En l’espèce, le syndicat des copropriétaires sollicite, à l’audience, la désignation d’un technicien afin qu’il procède au constat des dégâts existants dans la courette (relevé de l’état des lieux, description et reportage photographie des désordres constatés, appréciation de leur nature et de leur origine probable), l’examen du mur percé sans autorisation (vérification de la nature et de l’étendue du percement, appréciation de son incidence sur la structure et les parties communes, recherche de la présence ou non d’un système de climatisation, évaluation de la conformité au règlement de copropriété) et la vérification de la cave transformée en chambre (examen des travaux réalisés, identification d’éventuelles atteintes aux parties communes de l’immeuble, appréciation de la conformité de la transformation au regard des règles de l’art et du règlement de copropriété).
La mesure d’investigation ainsi sollicitée par le syndicat des copropriétaires s’analyse en une mesure de consultation au sens de l’article 256 du code de procédure civile, dès lors qu’elle implique que le technicien donne son avis sans pour autant qu’il n’ait à effectuer d’investigations complexes.
Une telle mesure ne peut être ordonnée que sous réserve pour le syndicat des copropriétaires de justifier d’un motif légitime au sens de l’article 145 du code de procédure civile.
Il ressort des pièces versées aux débats – en particulier du procès-verbal de constat dressé le 2 juillet 2025 – que la SCI BTS 26 a, sans l’autorisation de l’assemblée générale des copropriétaires, percé le mur de façade afin de faire passer des alimentations et tubulures cuivrées destinées à l’installation d’une climatisation.
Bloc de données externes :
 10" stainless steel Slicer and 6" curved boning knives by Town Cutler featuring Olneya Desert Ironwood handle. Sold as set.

S’il s’évince du procès-verbal de constat dressé le 8 janvier 2026 à la demande de la SCI BTS26 que cette dernière a fait reboucher le percement du mur de façade, dès lors qu’elle a porté atteinte aux parties communes en perçant le mur de façade, le syndicat des copropriétaires justifie d’un motif légitime à ce qu’une mesure d’instruction soit ordonnée afin, notamment, de s’assurer que les travaux de reprise réalisés par la SCI BTS26 ont mis fin à toutes les atteintes portées aux parties communes par ce percement.
Il résulte, en outre, du procès-verbal de constat dressé le 2 juillet 2025 par un commissaire de justice à la demande du syndicat des copropriétaires que du matériel est entreposé dans la courette commune et qu’un piquet de terre a été fixé par percement dans la dalle de cette courette.
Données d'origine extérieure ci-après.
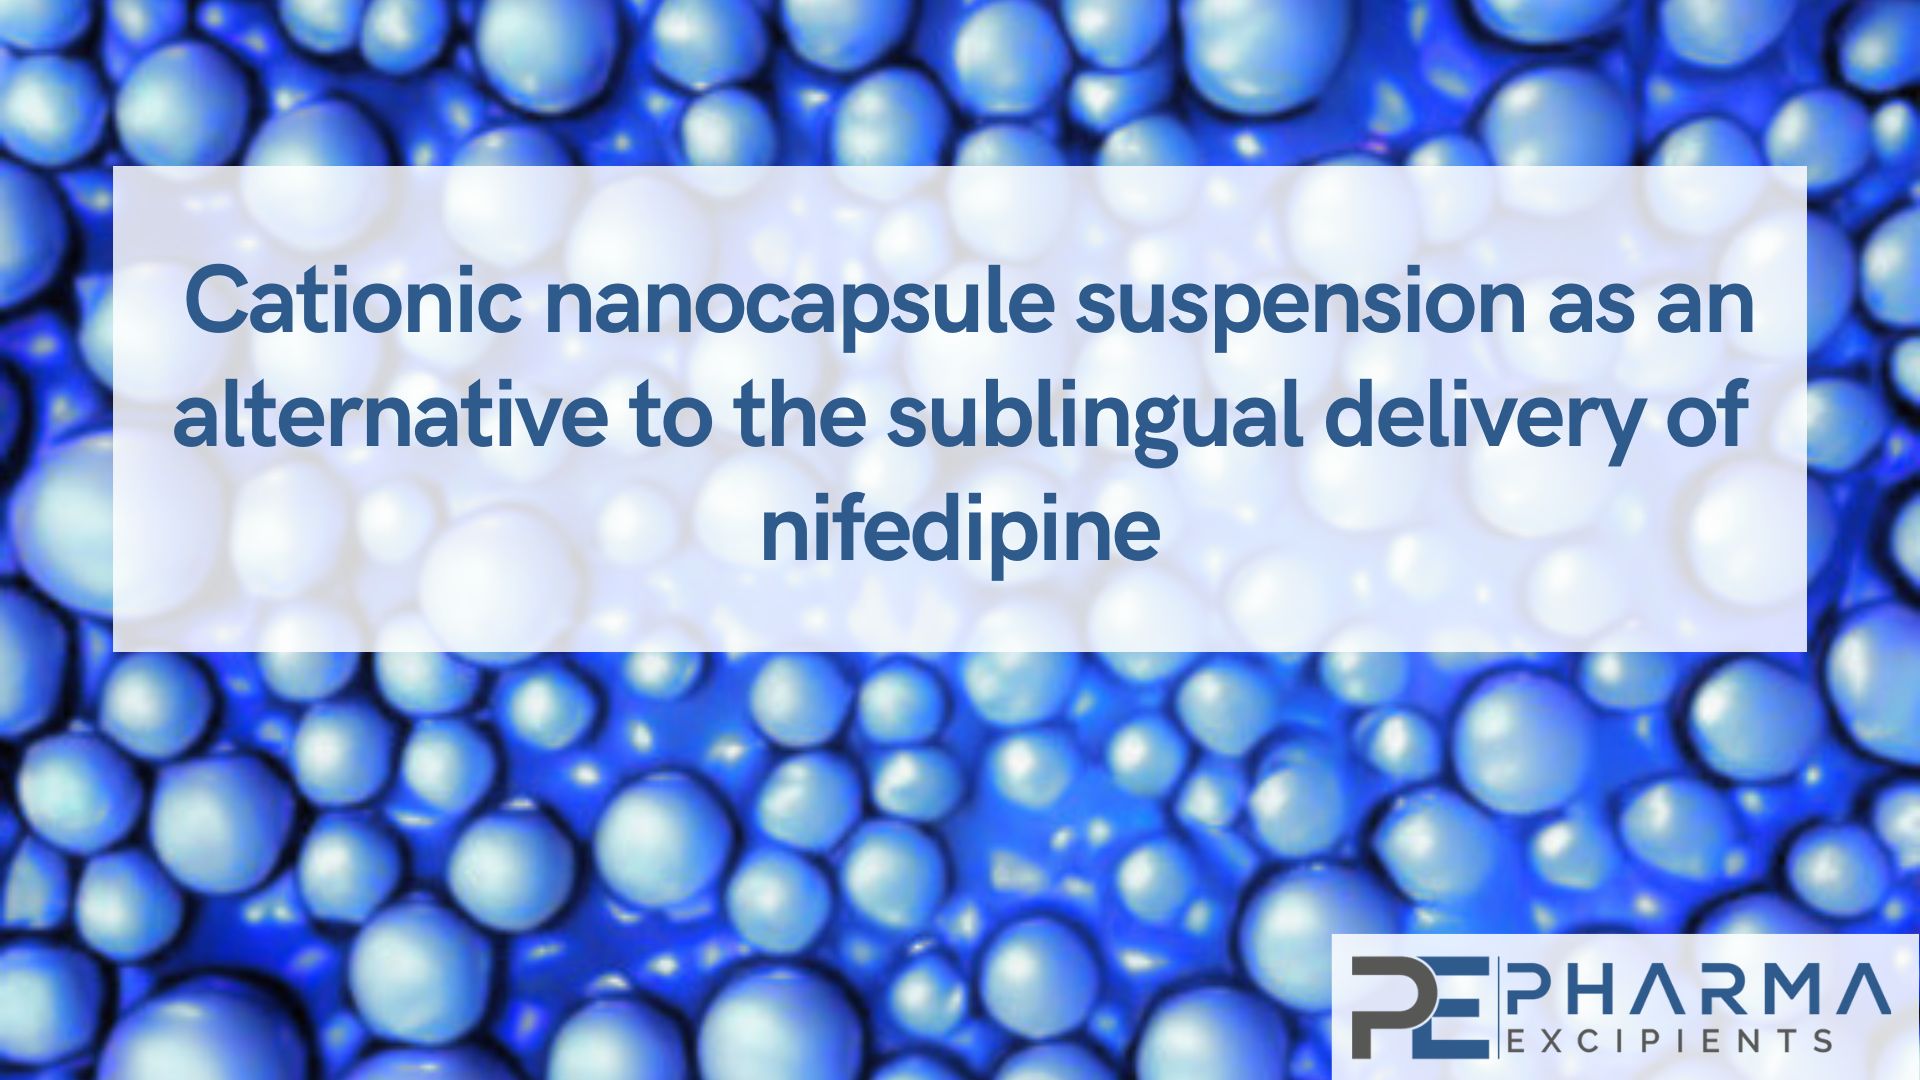 Cationic nanocapsule suspension as an alternative to the sublingual delivery of nifedipine

S’il ressort du procès-verbal de constat dressé le 8 janvier 2026 à la demande de la SCI BTS26 que la courette est vide de tout meuble, effet personnel ou matériel de chantier, lors du constat, les meubles de jardin étaient en cours de dépose et le piquet sur lequel est raccordé un câble électrique n’avait pas encore été déposé.
Dans ces conditions, le syndicat des copropriétaires justifie d’un motif légitime à ce qu’une mesure d’instruction soit ordonnée afin que l’état de la courette puisse être constaté et que des investigations soient menés sur les désordres liés à l’usage de la courette commune par la SCI BTS26.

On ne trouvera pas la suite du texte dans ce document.